I've been struggling with encoding for a while as I'm biulding a multi-lingual database with sqlite3 in Python. So far, I've solved everything, thanks to Google and articles on Stack Overflow. I had problems with Russian, Slovenian, Polish, Spanish, French... but it's all solved, appart from this ONE file I can't fix.
I thought I had found a possible solution on this website: http://www.smashingmagazine.com/2012/06/06/all-about-unicode-utf8-character-sets/, I even found a decoder, which got me reeeally close to solving the problem. But it only produced partially understandable Russian... (I'm sure it can help in other cases though: http://2cyr.com/decode/?lang=fr and it also exists in English).
But this last file is gonna be the end of me.
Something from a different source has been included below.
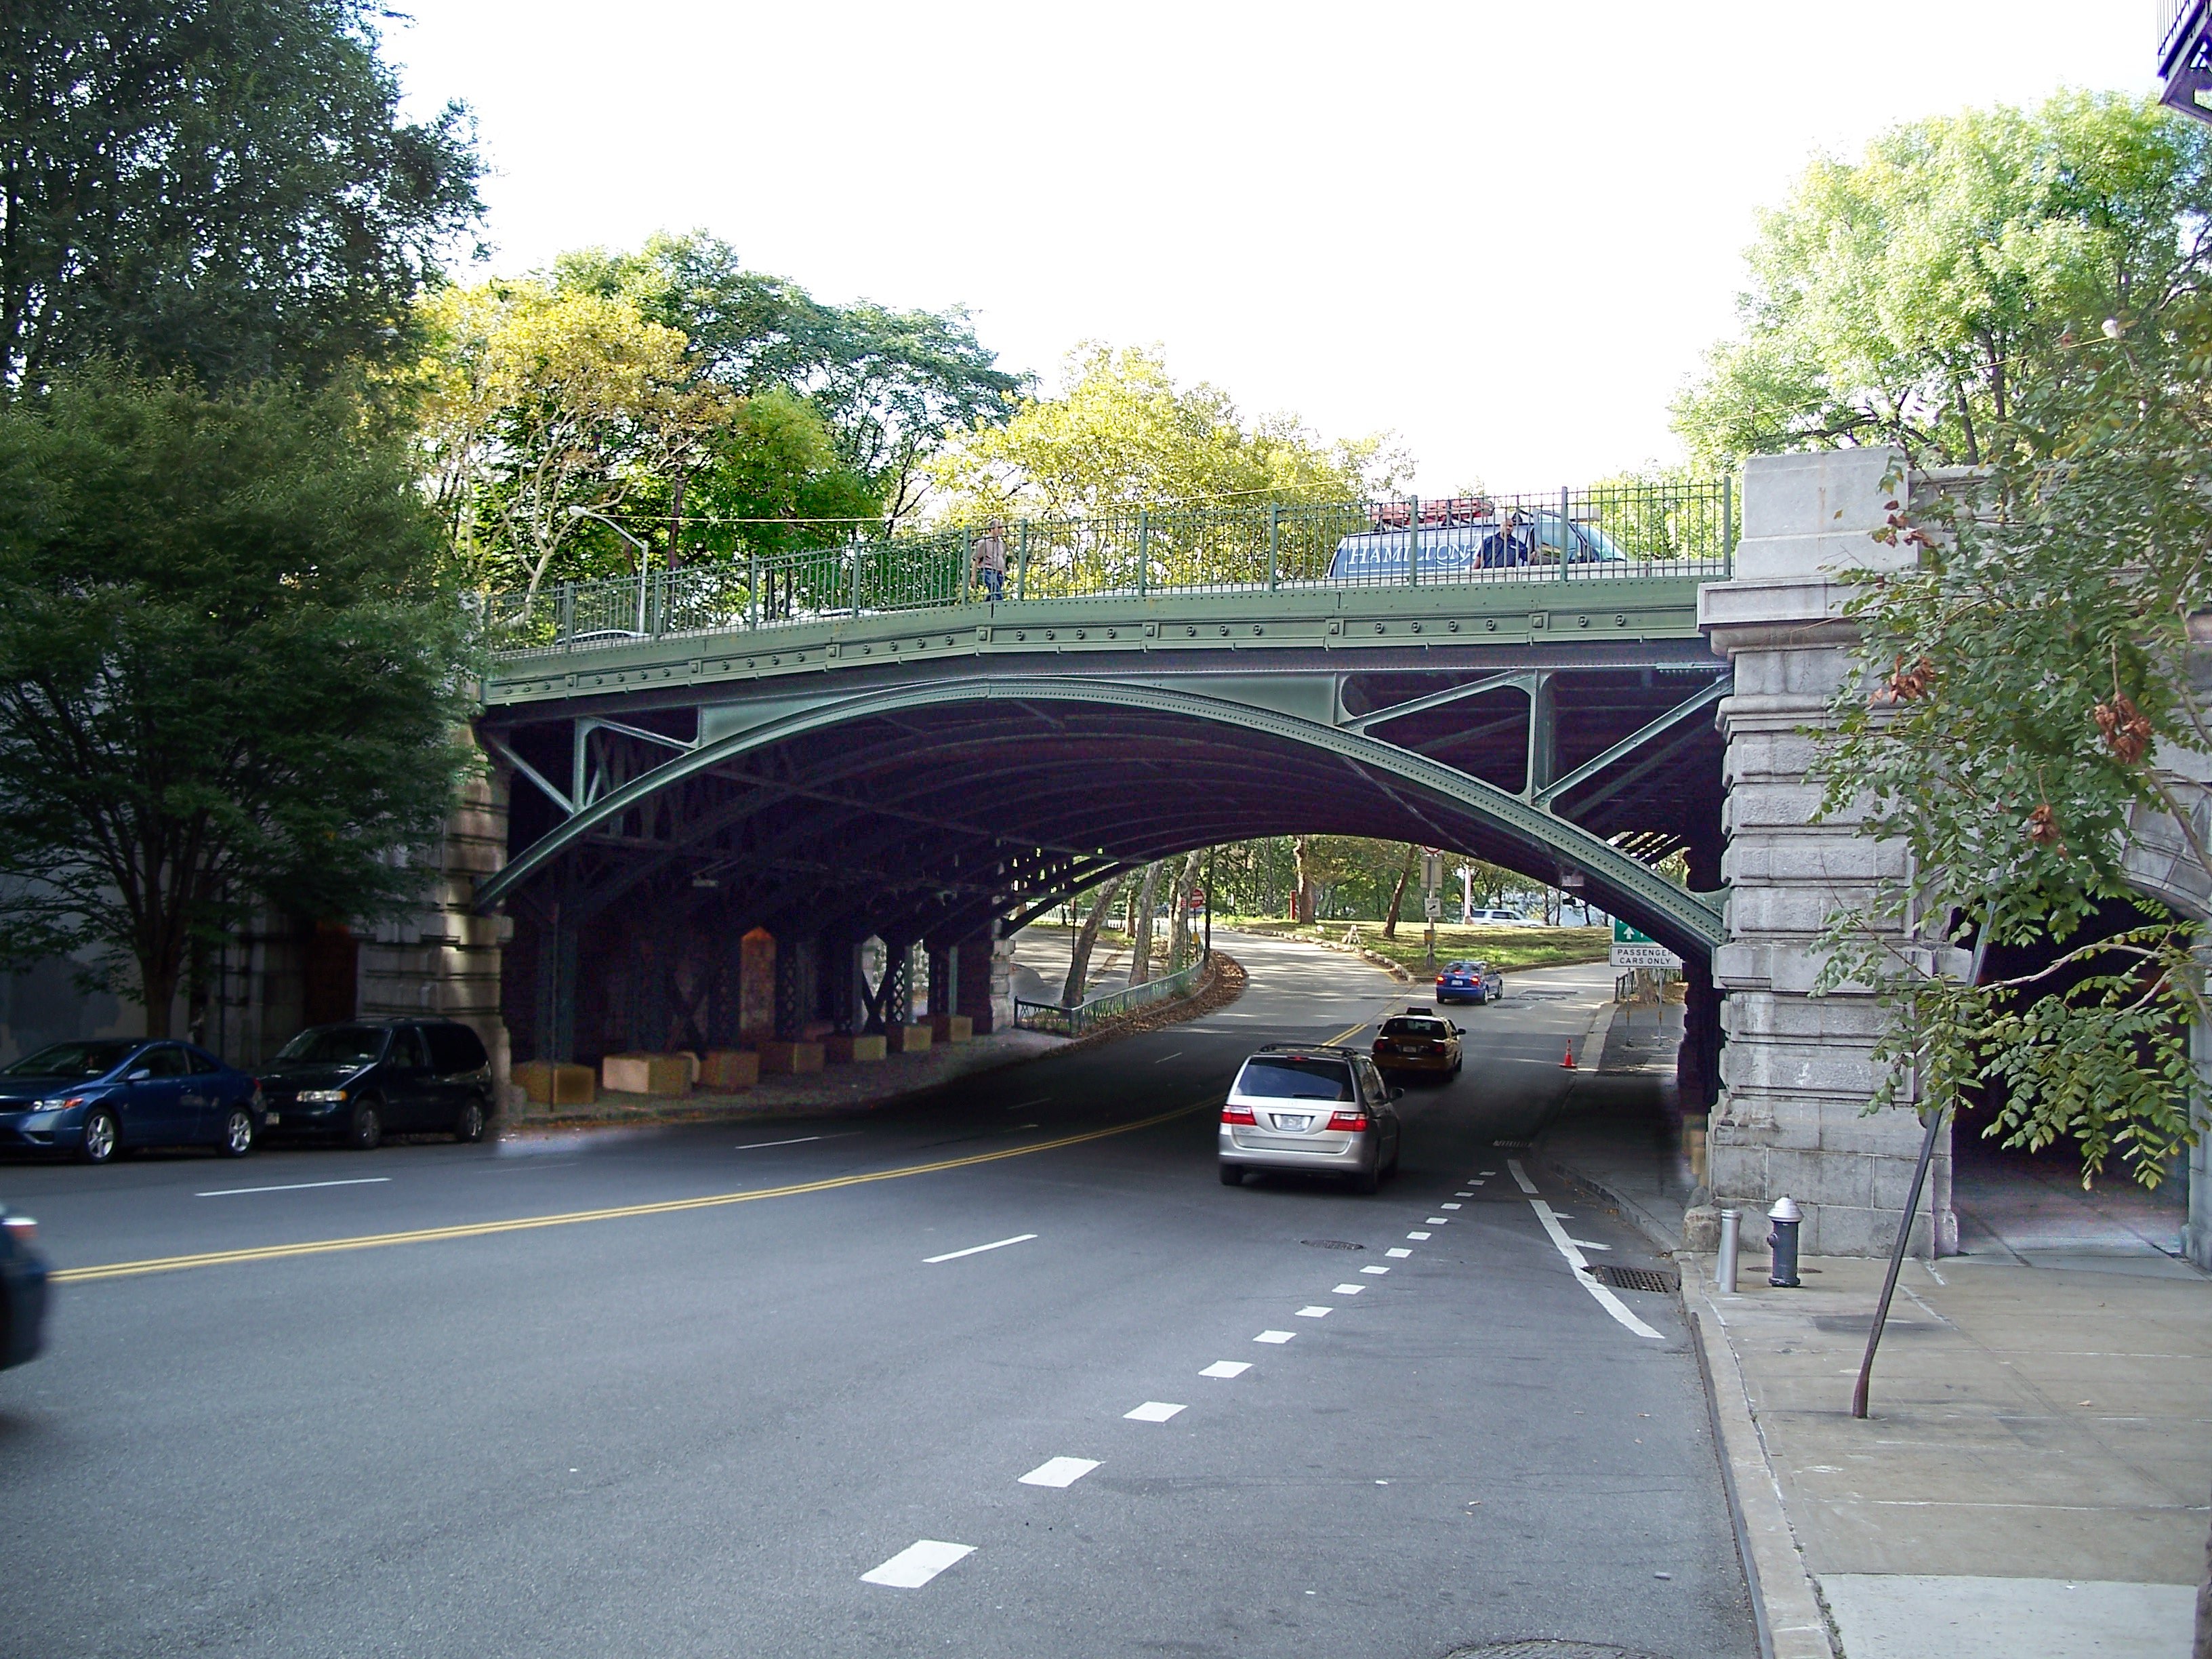 96th Street Bridge

Here's the major issue: I KNOW it's Russian because the linguist who gave it to me built it, and knows it's in Russian. BUT, the file itself looks like this:
£ËÁÀÝÅÅ UNK £ËÁÀÝÉÊ UNKA
£ËÁÀÝÅÇÏ UNK £ËÁÀÝÉÊ UNKA
£ËÁÀÝÅÊ UNK £ËÁÀÝÉÊ UNKA
£ËÁÀÝÅÍ UNK £ËÁÀÝÉÊ UNKA
£ËÁÀÝÅÍÕ UNK £ËÁÀÝÉÊ UNKA
According to my shell, it's encoded in utf-8. I've therefore been trying to decode utf-8 and encode it into all russian encodings I could find (ISO-8859-5, koi8_r, koi8_u, cp1252, cp1251...). It never worked. I also tried saving the file in all these encodings and decoding the other way around, without much success...
It has to go in a database (sqlite), and I know the required encoding for this is utf-8. The previous Russian file I delt with was "properly" written (in cyrillic), and I just had to figure out which encoding to use. But here, I feel like I've tried everything, I'm just not getting any results...
I'm actually wondering if decoding such a file is even possible, since it's not cyrillic to start with.
Any suggestion would be welcome :)